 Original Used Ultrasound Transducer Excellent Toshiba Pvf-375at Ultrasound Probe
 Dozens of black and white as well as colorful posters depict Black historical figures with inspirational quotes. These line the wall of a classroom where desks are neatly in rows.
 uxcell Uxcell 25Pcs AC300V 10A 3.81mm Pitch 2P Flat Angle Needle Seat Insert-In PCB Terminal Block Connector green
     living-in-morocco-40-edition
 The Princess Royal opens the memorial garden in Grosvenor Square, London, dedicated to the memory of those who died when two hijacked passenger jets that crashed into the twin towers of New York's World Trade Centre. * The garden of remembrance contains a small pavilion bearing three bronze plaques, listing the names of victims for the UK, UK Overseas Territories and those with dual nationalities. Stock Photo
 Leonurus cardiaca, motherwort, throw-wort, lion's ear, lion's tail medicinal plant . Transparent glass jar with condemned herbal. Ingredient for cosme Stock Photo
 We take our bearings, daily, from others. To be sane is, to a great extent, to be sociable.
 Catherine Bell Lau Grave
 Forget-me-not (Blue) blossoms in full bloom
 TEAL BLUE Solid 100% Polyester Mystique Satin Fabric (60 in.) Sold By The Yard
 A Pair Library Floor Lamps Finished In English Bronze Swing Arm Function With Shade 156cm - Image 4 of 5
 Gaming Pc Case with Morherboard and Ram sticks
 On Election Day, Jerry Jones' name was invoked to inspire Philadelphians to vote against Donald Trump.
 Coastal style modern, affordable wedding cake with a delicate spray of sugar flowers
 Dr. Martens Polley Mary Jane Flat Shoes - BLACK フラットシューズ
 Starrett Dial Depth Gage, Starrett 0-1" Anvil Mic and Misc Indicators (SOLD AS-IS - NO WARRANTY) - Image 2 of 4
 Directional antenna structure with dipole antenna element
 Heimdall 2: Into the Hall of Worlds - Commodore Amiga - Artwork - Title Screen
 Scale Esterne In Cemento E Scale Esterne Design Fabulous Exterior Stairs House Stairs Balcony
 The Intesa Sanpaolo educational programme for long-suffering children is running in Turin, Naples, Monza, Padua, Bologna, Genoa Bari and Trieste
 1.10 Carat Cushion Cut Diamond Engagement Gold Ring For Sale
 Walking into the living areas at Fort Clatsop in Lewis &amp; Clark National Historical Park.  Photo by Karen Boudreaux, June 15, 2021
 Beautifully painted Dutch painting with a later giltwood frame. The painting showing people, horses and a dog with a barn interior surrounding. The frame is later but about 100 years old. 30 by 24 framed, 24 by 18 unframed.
========================================================================
- INSTRUCTIONS TO FOLLOW -
Copy each record from above exactly, and include every line.

- THE COMPLETED TASK -
 Original Used Ultrasound Transducer Excellent Toshiba Pvf-375at Ultrasound Probe
 Dozens of black and white as well as colorful posters depict Black historical figures with inspirational quotes. These line the wall of a classroom where desks are neatly in rows.
 uxcell Uxcell 25Pcs AC300V 10A 3.81mm Pitch 2P Flat Angle Needle Seat Insert-In PCB Terminal Block Connector green
     living-in-morocco-40-edition
 The Princess Royal opens the memorial garden in Grosvenor Square, London, dedicated to the memory of those who died when two hijacked passenger jets that crashed into the twin towers of New York's World Trade Centre. * The garden of remembrance contains a small pavilion bearing three bronze plaques, listing the names of victims for the UK, UK Overseas Territories and those with dual nationalities. Stock Photo
 Leonurus cardiaca, motherwort, throw-wort, lion's ear, lion's tail medicinal plant . Transparent glass jar with condemned herbal. Ingredient for cosme Stock Photo
 We take our bearings, daily, from others. To be sane is, to a great extent, to be sociable.
 Catherine Bell Lau Grave
 Forget-me-not (Blue) blossoms in full bloom
 TEAL BLUE Solid 100% Polyester Mystique Satin Fabric (60 in.) Sold By The Yard
 A Pair Library Floor Lamps Finished In English Bronze Swing Arm Function With Shade 156cm - Image 4 of 5
 Gaming Pc Case with Morherboard and Ram sticks
 On Election Day, Jerry Jones' name was invoked to inspire Philadelphians to vote against Donald Trump.
 Coastal style modern, affordable wedding cake with a delicate spray of sugar flowers
 Dr. Martens Polley Mary Jane Flat Shoes - BLACK フラットシューズ
 Starrett Dial Depth Gage, Starrett 0-1" Anvil Mic and Misc Indicators (SOLD AS-IS - NO WARRANTY) - Image 2 of 4
 Directional antenna structure with dipole antenna element
 Heimdall 2: Into the Hall of Worlds - Commodore Amiga - Artwork - Title Screen
 Scale Esterne In Cemento E Scale Esterne Design Fabulous Exterior Stairs House Stairs Balcony
 The Intesa Sanpaolo educational programme for long-suffering children is running in Turin, Naples, Monza, Padua, Bologna, Genoa Bari and Trieste
 1.10 Carat Cushion Cut Diamond Engagement Gold Ring For Sale
 Walking into the living areas at Fort Clatsop in Lewis &amp; Clark National Historical Park.  Photo by Karen Boudreaux, June 15, 2021
 Beautifully painted Dutch painting with a later giltwood frame. The painting showing people, horses and a dog with a barn interior surrounding. The frame is later but about 100 years old. 30 by 24 framed, 24 by 18 unframed.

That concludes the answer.